Transcribe the data exactly, omitting whatever pictures it holds.

*GIVEN MATERIAL*
-----

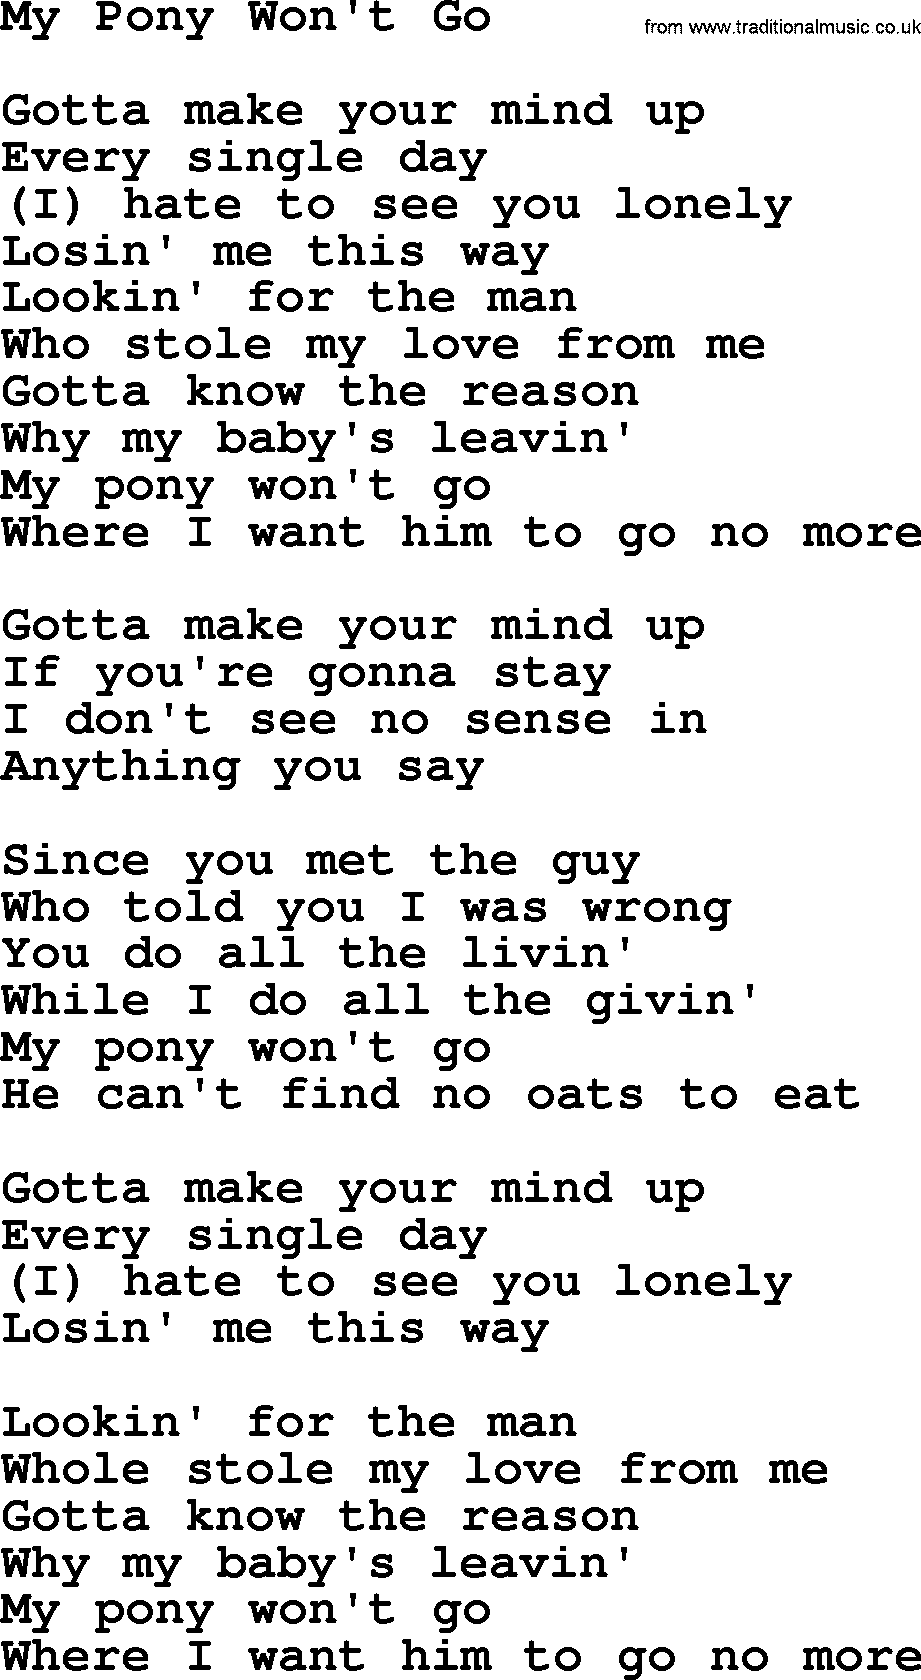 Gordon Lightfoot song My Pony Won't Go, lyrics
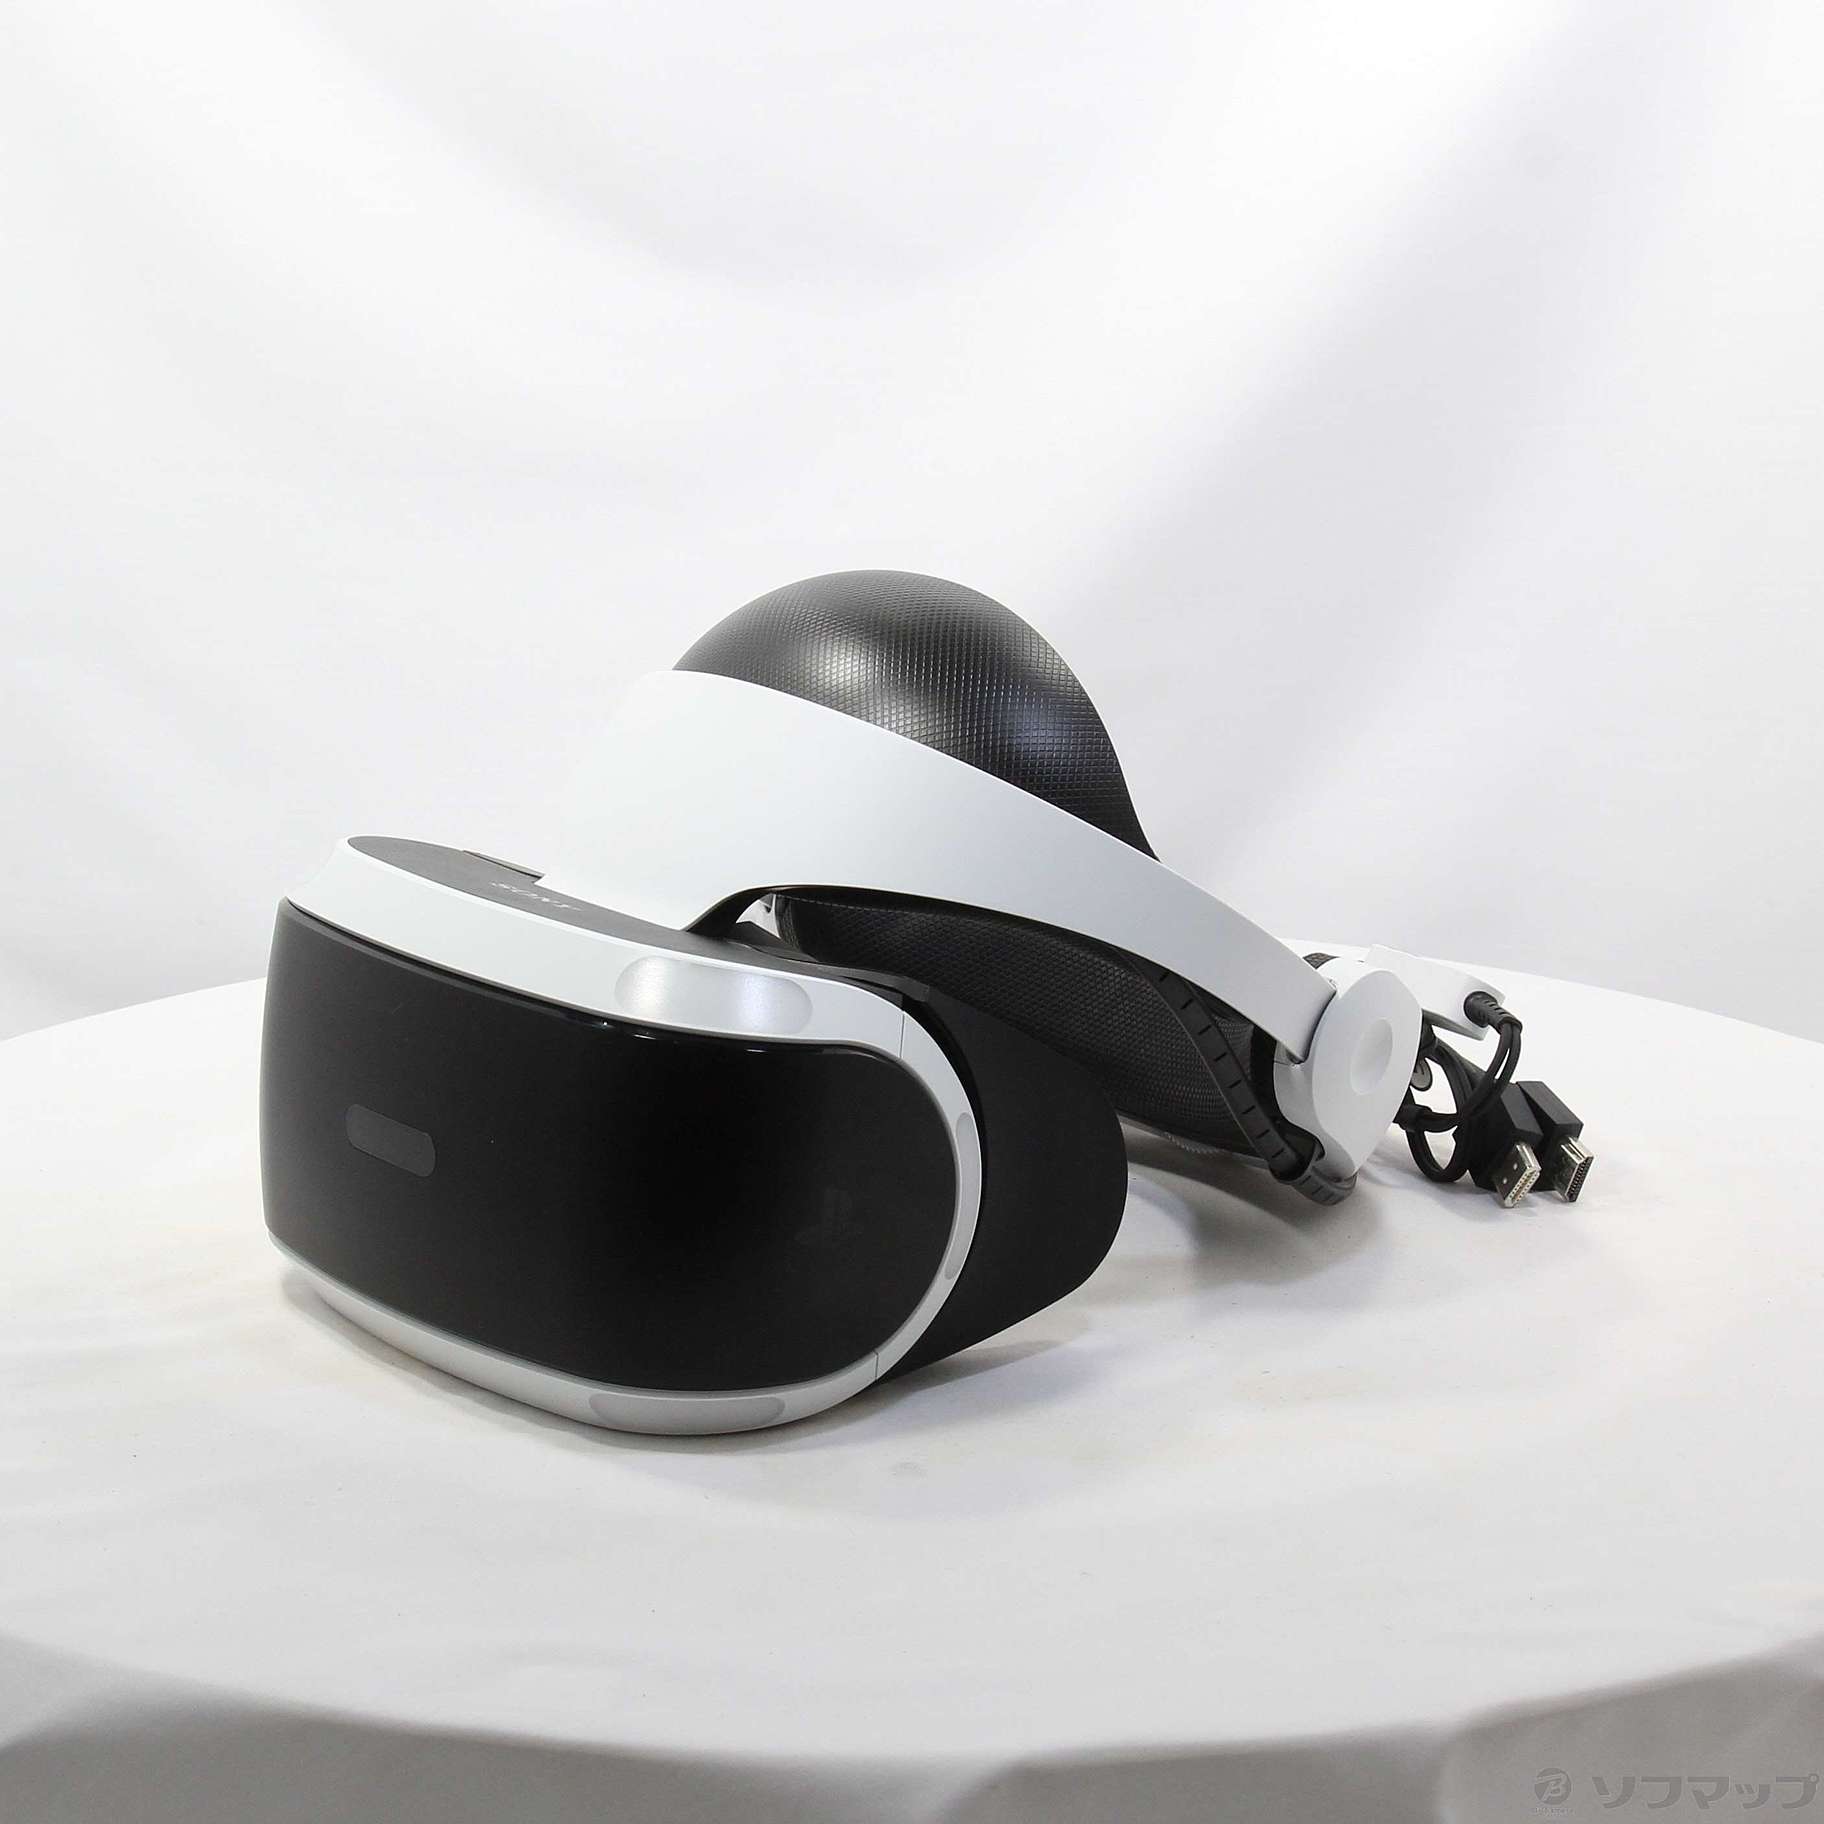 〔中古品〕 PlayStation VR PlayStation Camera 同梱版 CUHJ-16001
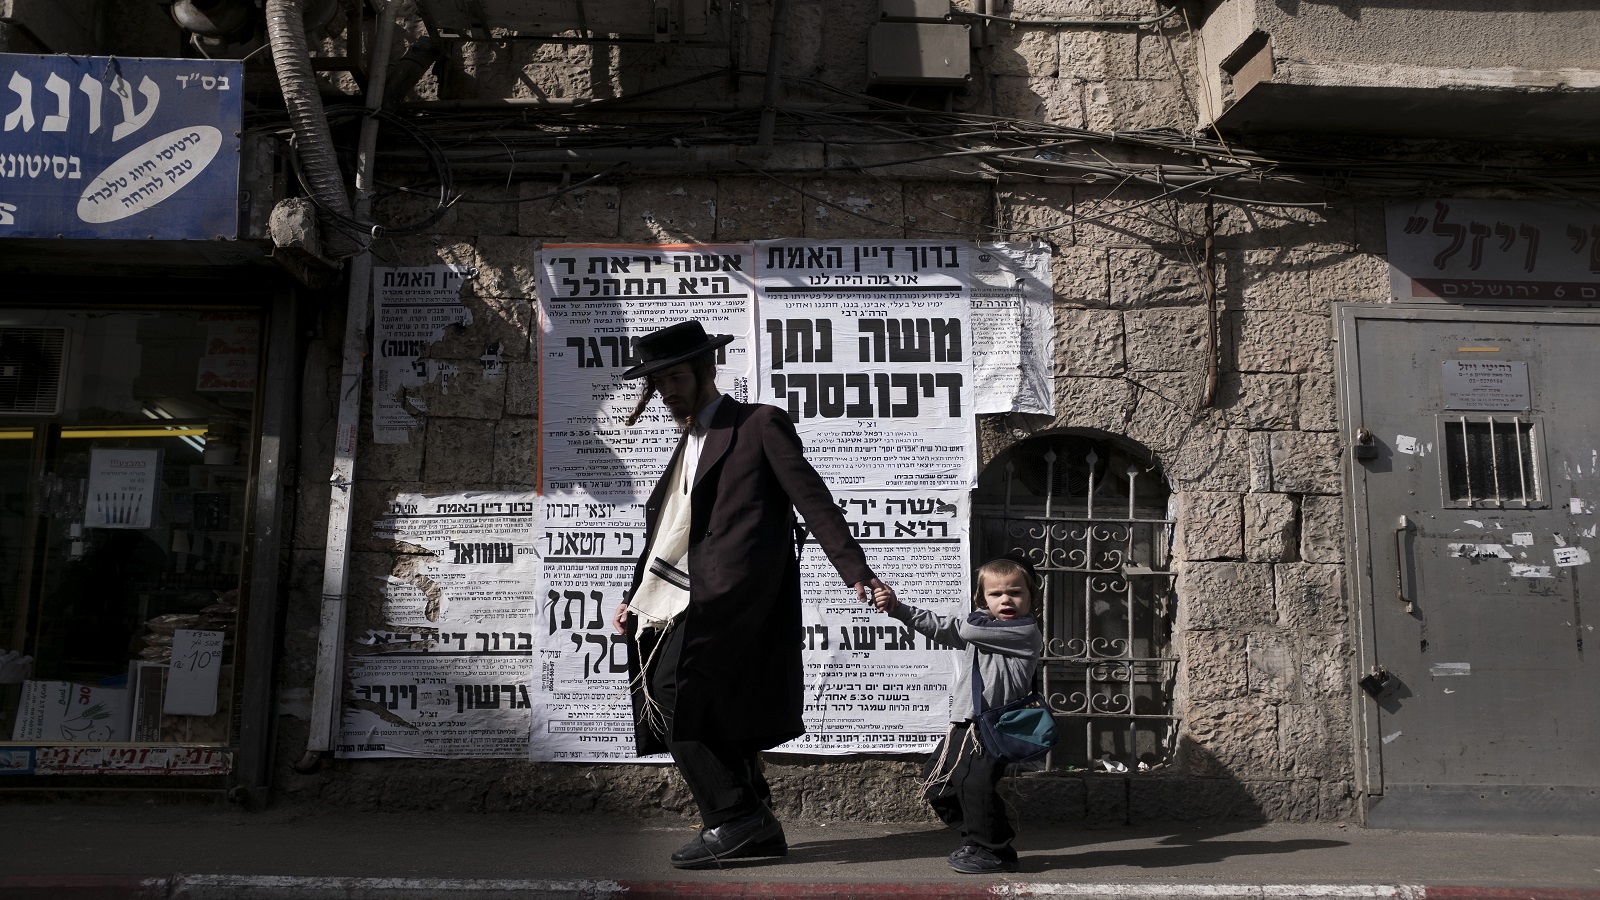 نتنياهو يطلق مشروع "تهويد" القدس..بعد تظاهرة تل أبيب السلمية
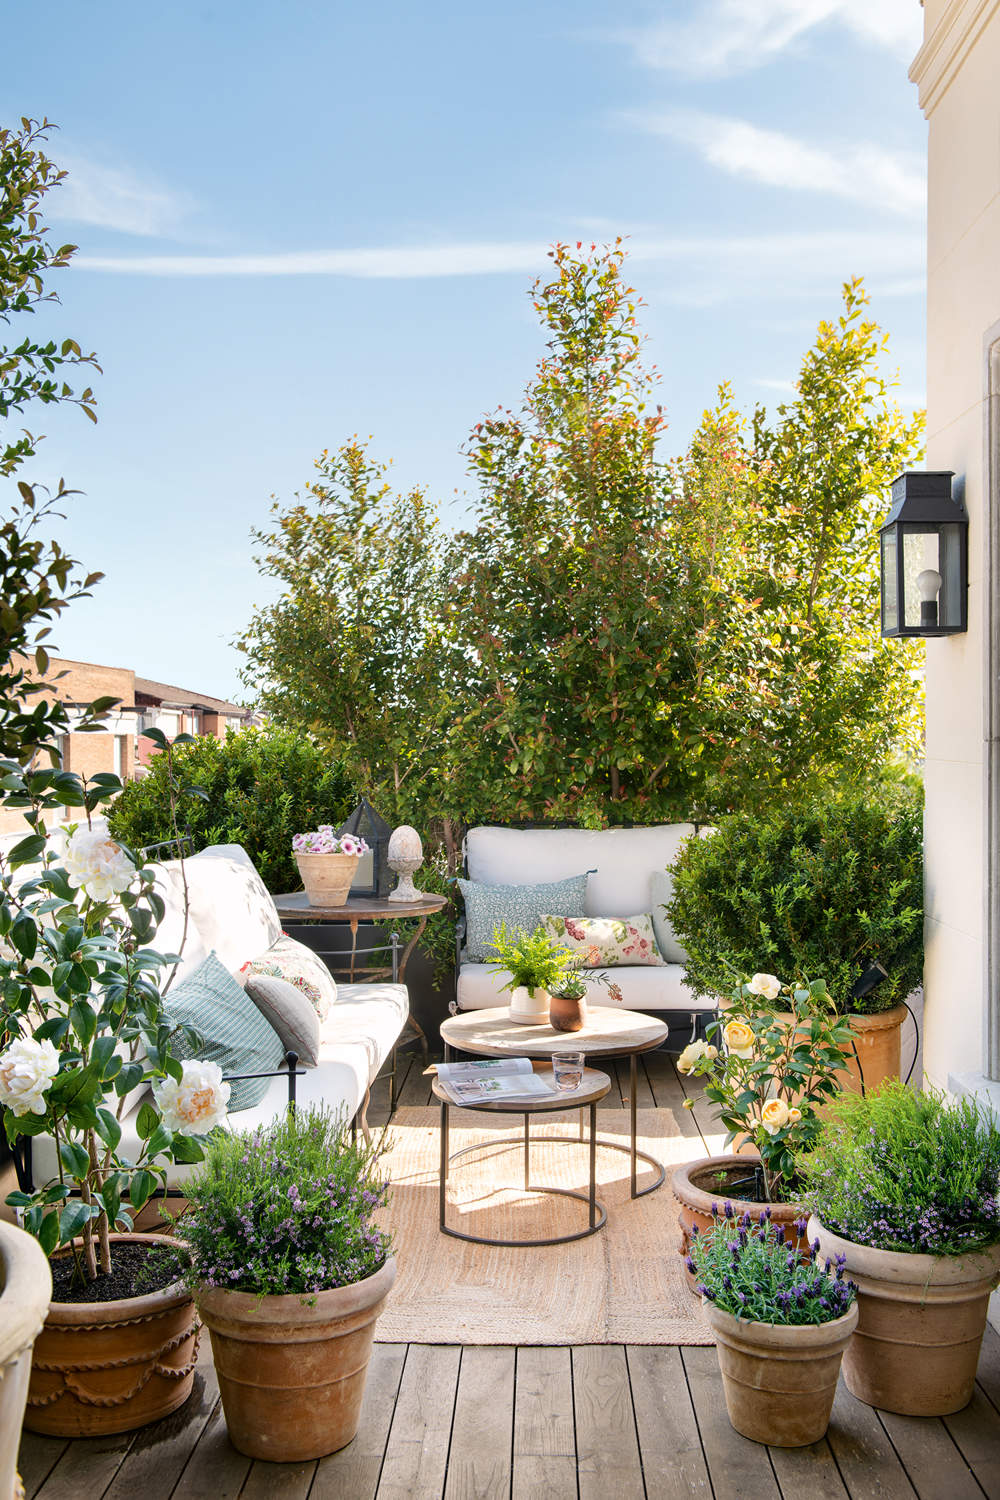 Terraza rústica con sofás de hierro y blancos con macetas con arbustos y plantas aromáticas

-----

*OUTPUT*
 Gordon Lightfoot song My Pony Won't Go, lyrics
 〔中古品〕 PlayStation VR PlayStation Camera 同梱版 CUHJ-16001
 نتنياهو يطلق مشروع "تهويد" القدس..بعد تظاهرة تل أبيب السلمية
 Terraza rústica con sofás de hierro y blancos con macetas con arbustos y plantas aromáticas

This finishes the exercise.